◆ **WORK TO COMPLETE**:
Keep the wording of every entry exactly as it is while leaving the pictures out of your copy.

◆ **WORKING DATA**:
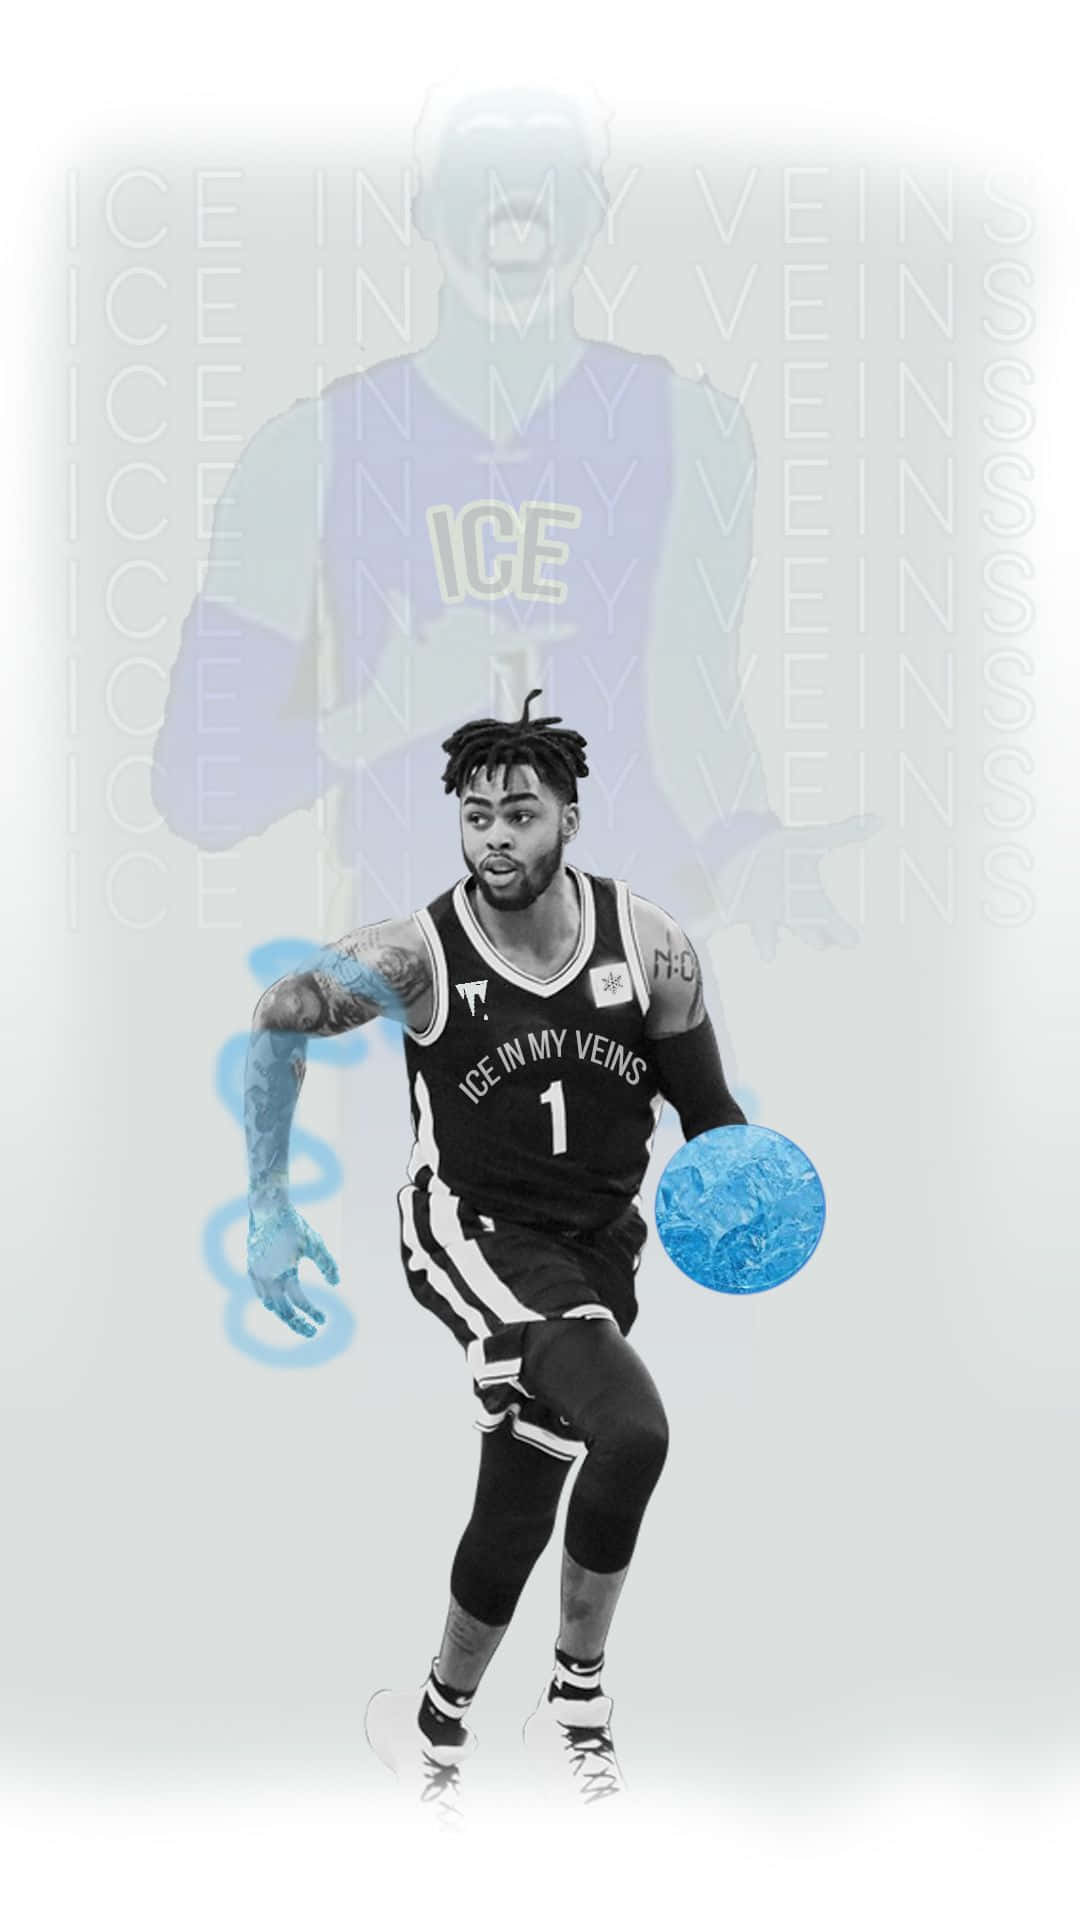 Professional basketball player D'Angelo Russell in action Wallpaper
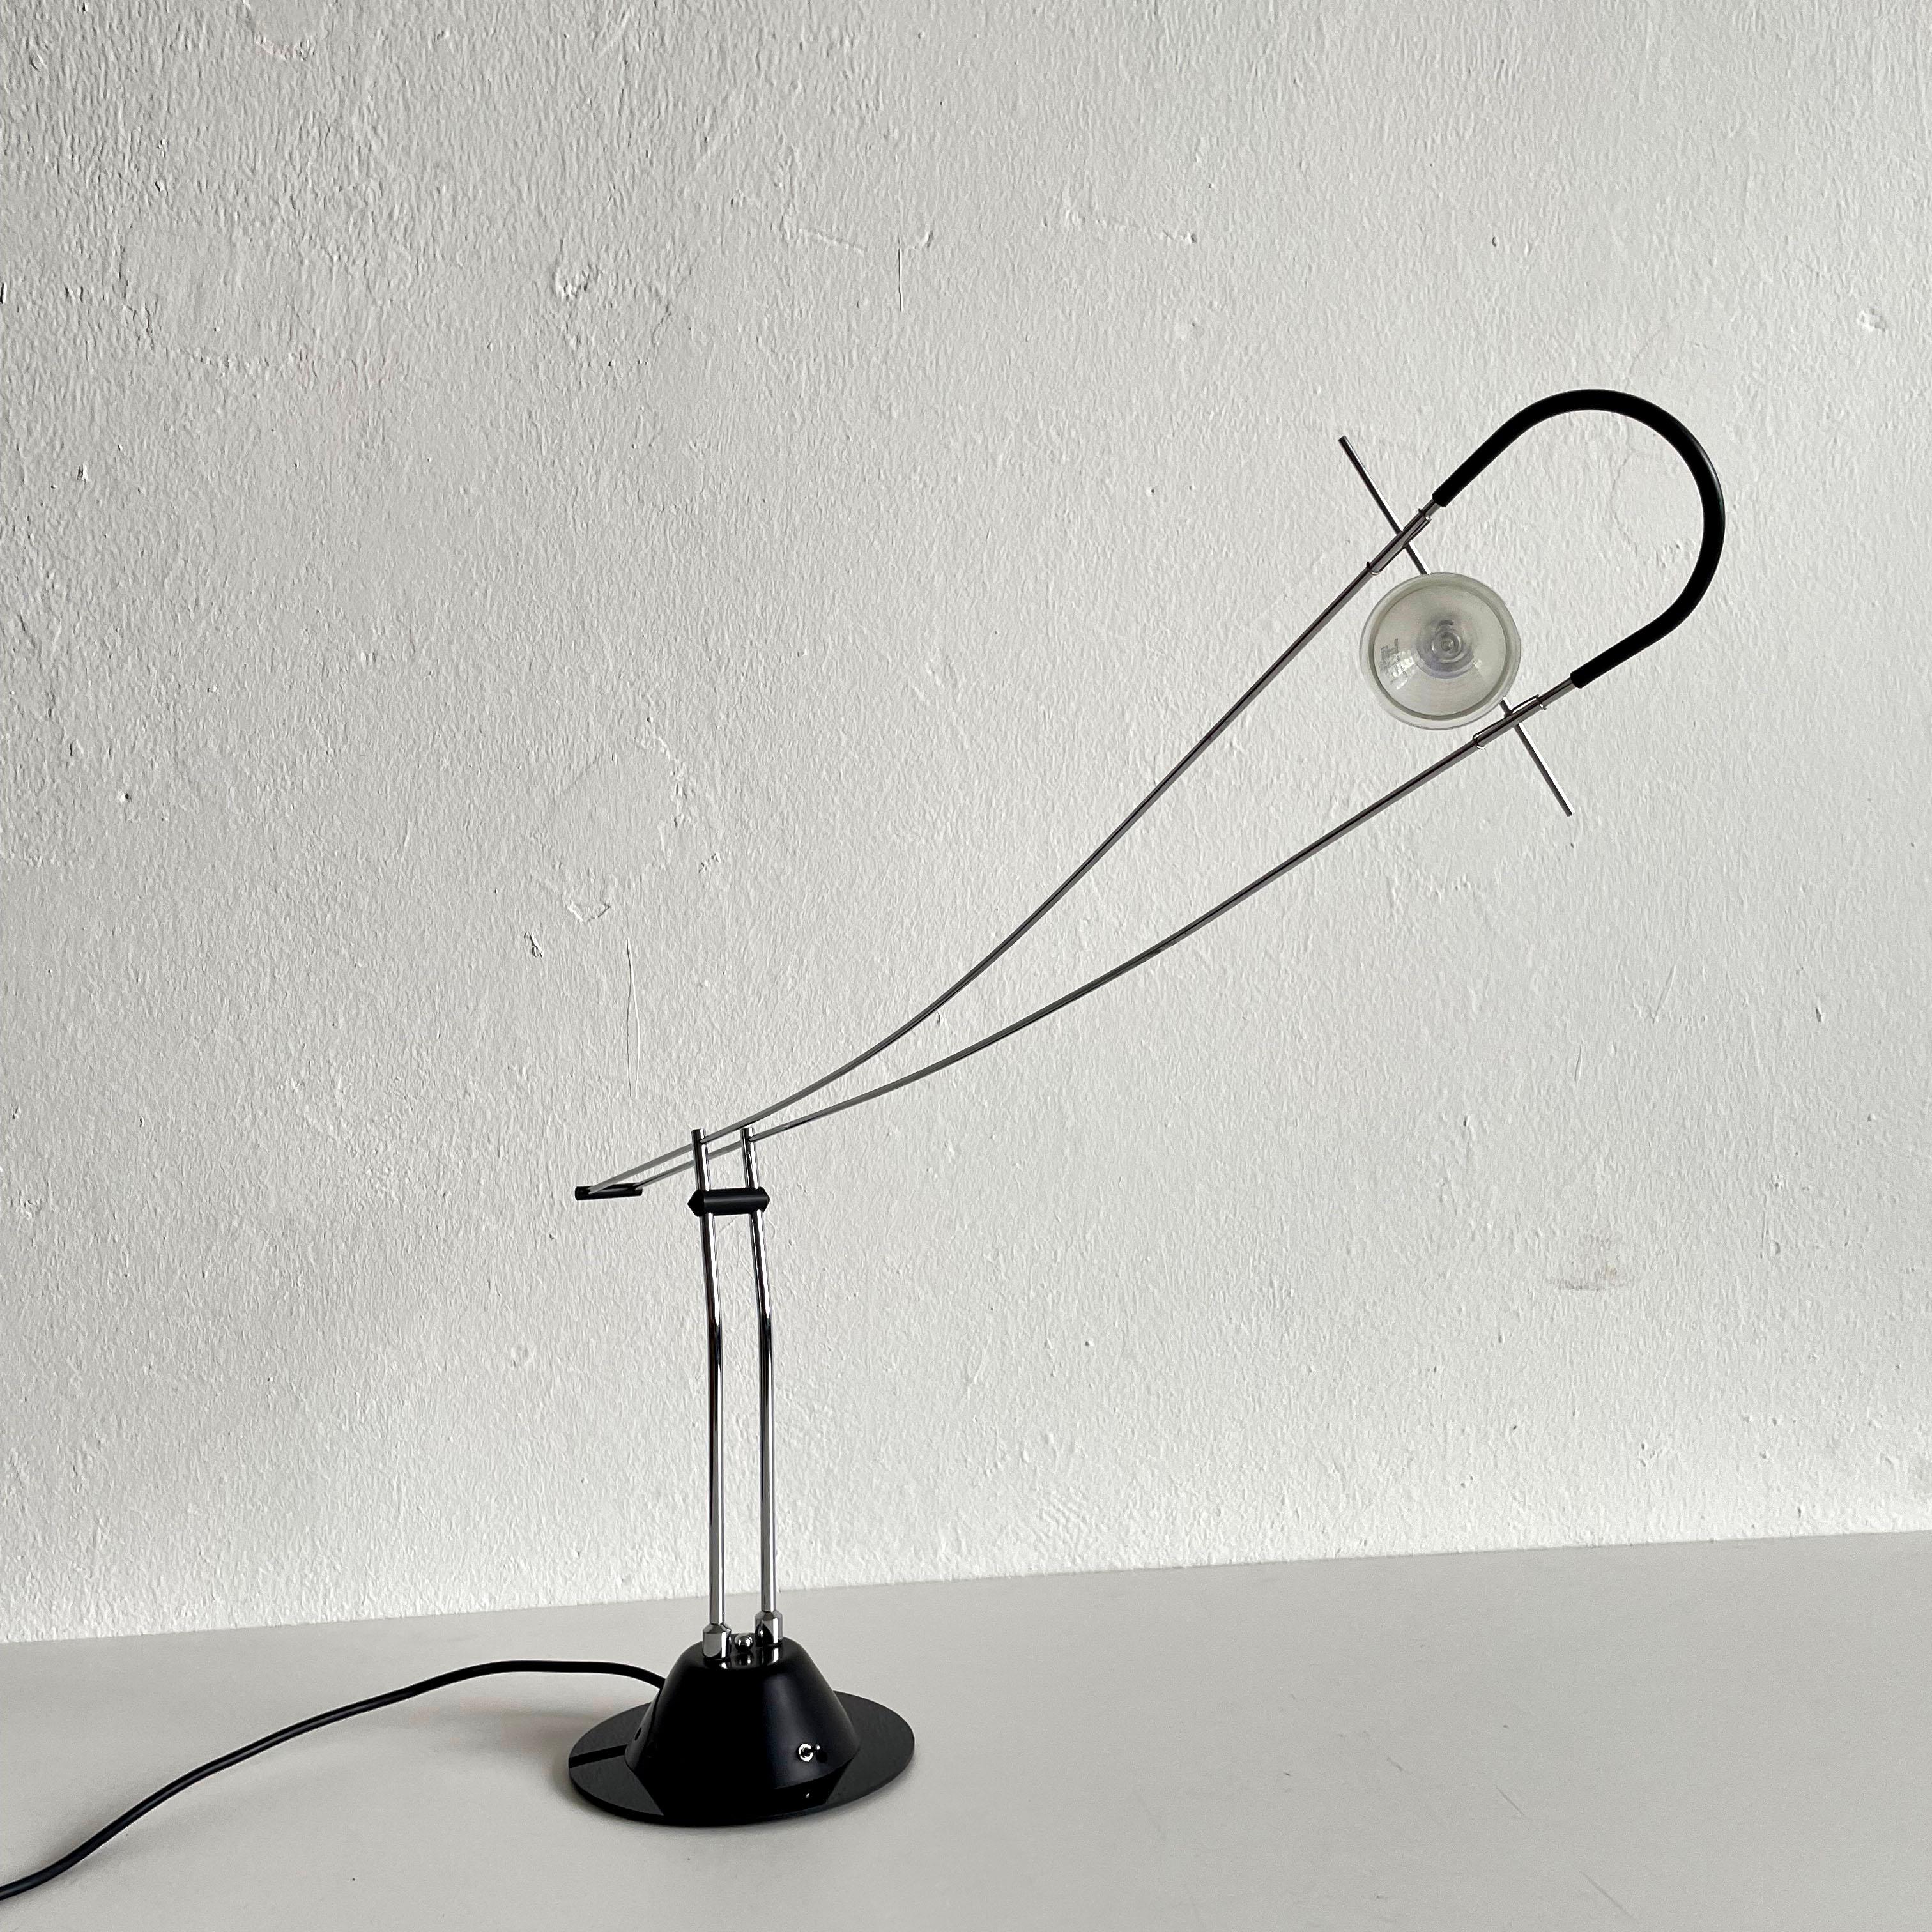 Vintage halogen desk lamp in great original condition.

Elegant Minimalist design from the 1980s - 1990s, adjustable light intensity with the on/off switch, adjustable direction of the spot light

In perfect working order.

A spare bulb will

◆ **EXERCISE ANSWER**:
 Professional basketball player D'Angelo Russell in action Wallpaper
 Vintage halogen desk lamp in great original condition.

Elegant Minimalist design from the 1980s - 1990s, adjustable light intensity with the on/off switch, adjustable direction of the spot light

In perfect working order.

A spare bulb will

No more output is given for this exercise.